If successful, it would become a slow-growing, medium-sized tree in the Southwestern and South Central United States.

Post oaks can flourish and do well where most other trees would not survive. In Texas, they grow best in the Cross Timbers, a prairie transition region where soils are dry with rocky outcrops and slopes. These soil types are well drained, sandy, coarse, deficient in nutrients, and low in organic material.

Because they are drought-resistant, post oaks can dominate sites that have little soil moisture.

Understanding the ideal conditions for healthy post oaks helps explain why they have recently experienced widespread decline.

Post oaks are not susceptible to any major virulent pathogens. Highly resistant to the oak wilt fungus Ceratocystis fagacearum, they rarely succumb to the disease.

But there are several less lethal, common diseases and pests, such as blights, blisters, cankers, blotches, foliar spots, root rots, and defoliating insects, that can disfigure a tree and cause some die back of branches, but rarely will kill it.

Post oaks are notoriously susceptible to various environmental problems associated with urban development, such as root disturbances, compaction, slow drainage, and poor irrigation practices.

The rapid decline of post oaks is the result of varying extremes (drought and drowning) that make the trees susceptible to attack by the cankers, root rots, soil moisture, and wood-boring insects.

All of these problems were made worse by the historic drought in Texas in 2011 that crippled tree health to such an extent that trees are still suffering today.

Extreme drought induces stress so that the trees must cope by expending storage carbohydrates (starches) to compensate for the strain.

During years of normal temperatures and rainfall, these storage carbohydrates accumulate in the roots as a result of photosynthesis. During stressful years, the tree responds and survives by mobilizing and depleting these stored reserves.
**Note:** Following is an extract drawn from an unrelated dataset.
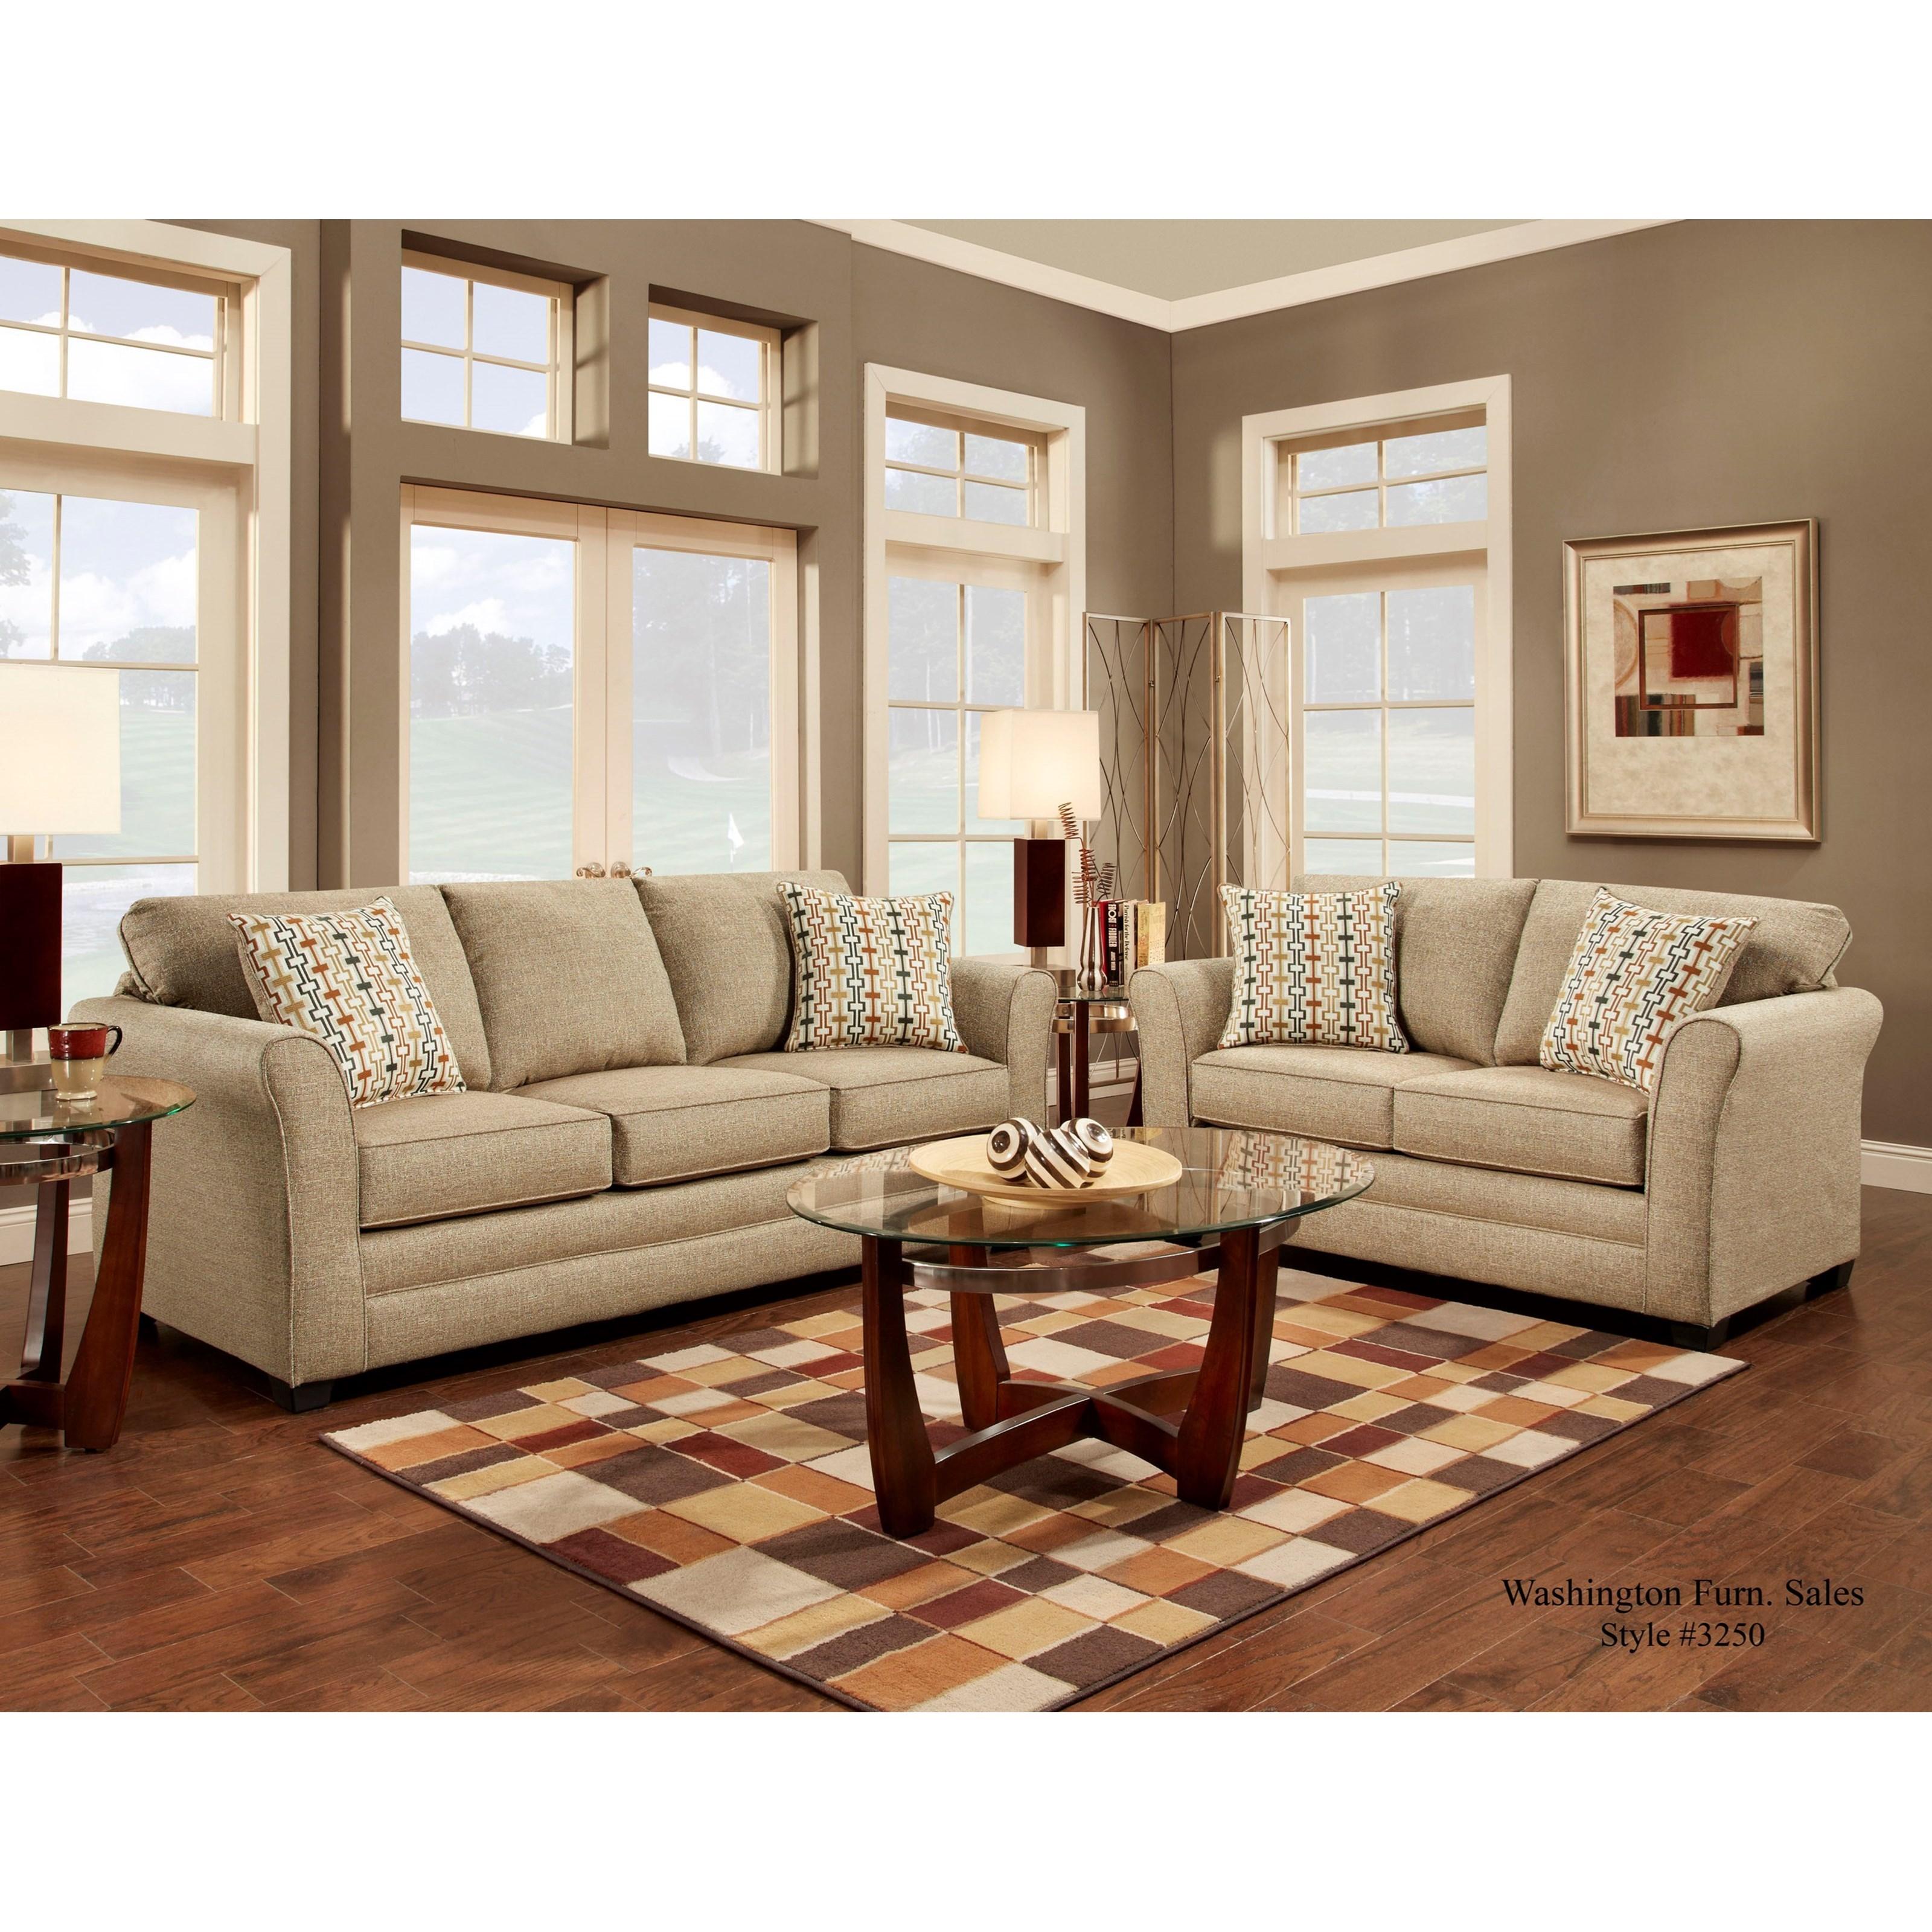 Washington Furniture 3250 Washington Living Room Group Del Sol Furniture Stationary Living

One response is through osmotic adjustment of cell contents.

Osmotic adjustment, or changes in the levels of sugars in the sap, leads to regulation of tiny pores in the foliage called stomata, preventing water loss from the leaves.
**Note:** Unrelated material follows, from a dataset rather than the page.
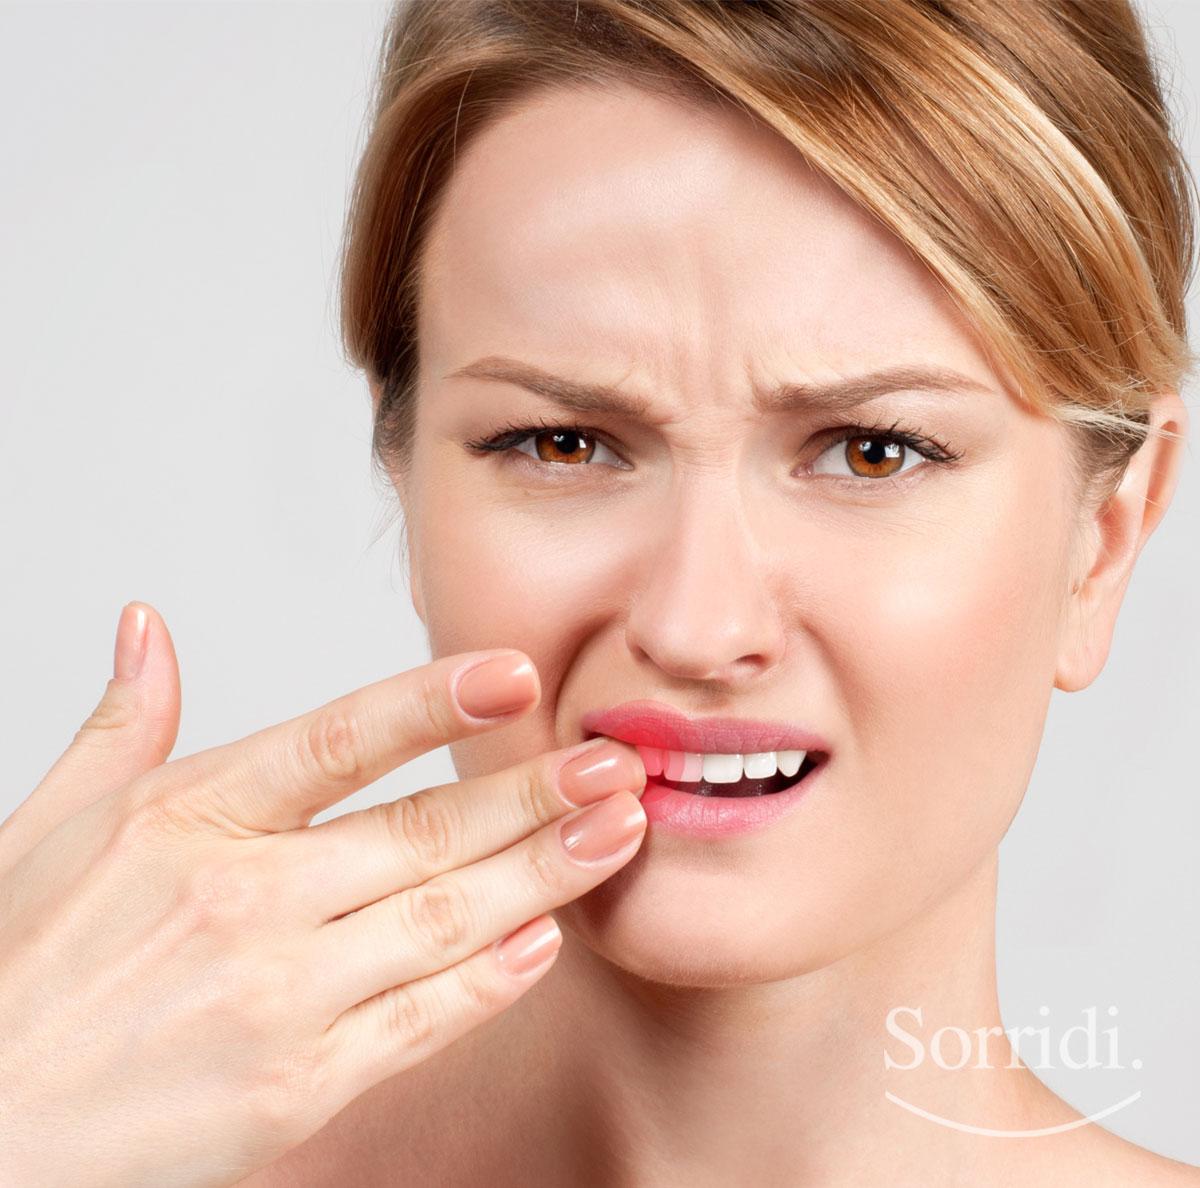 Sorridi-ch-magazine-traumi-ai-denti

Leaves may drop from the tree prematurely to prevent water loss. These adaptations allow trees to avoid wilting and continue metabolic functions with less water.

Another response during drought conditions is enhanced root growth with modifications such as increased suberization (waxy thickening of cell walls), which also helps the tree prevent water loss.

These alterations come with a cost by exhausting the starches normally used by a post oak to achieve its “mission statement.”

In other words, the result is a weakened, starchdepleted tree with poor growth, making it predisposed to diseases and pests that normally do them no harm.

In similar types of oak decline worldwide, research verifies the same patterns and causes as those occurring with the Texas post oak mortality problem.

The key to controlling rapid decline is to keep the trees healthy so they are not susceptible to diseases and pests that do not plague them during normal years. There are more options for trees in an urban setting than for those in rangelands and woodlands: improve aeration and soil drainage, Correct irrigation practices that may lead to overwatering and use mulches selectively to prevent continual watering around the base of the tree.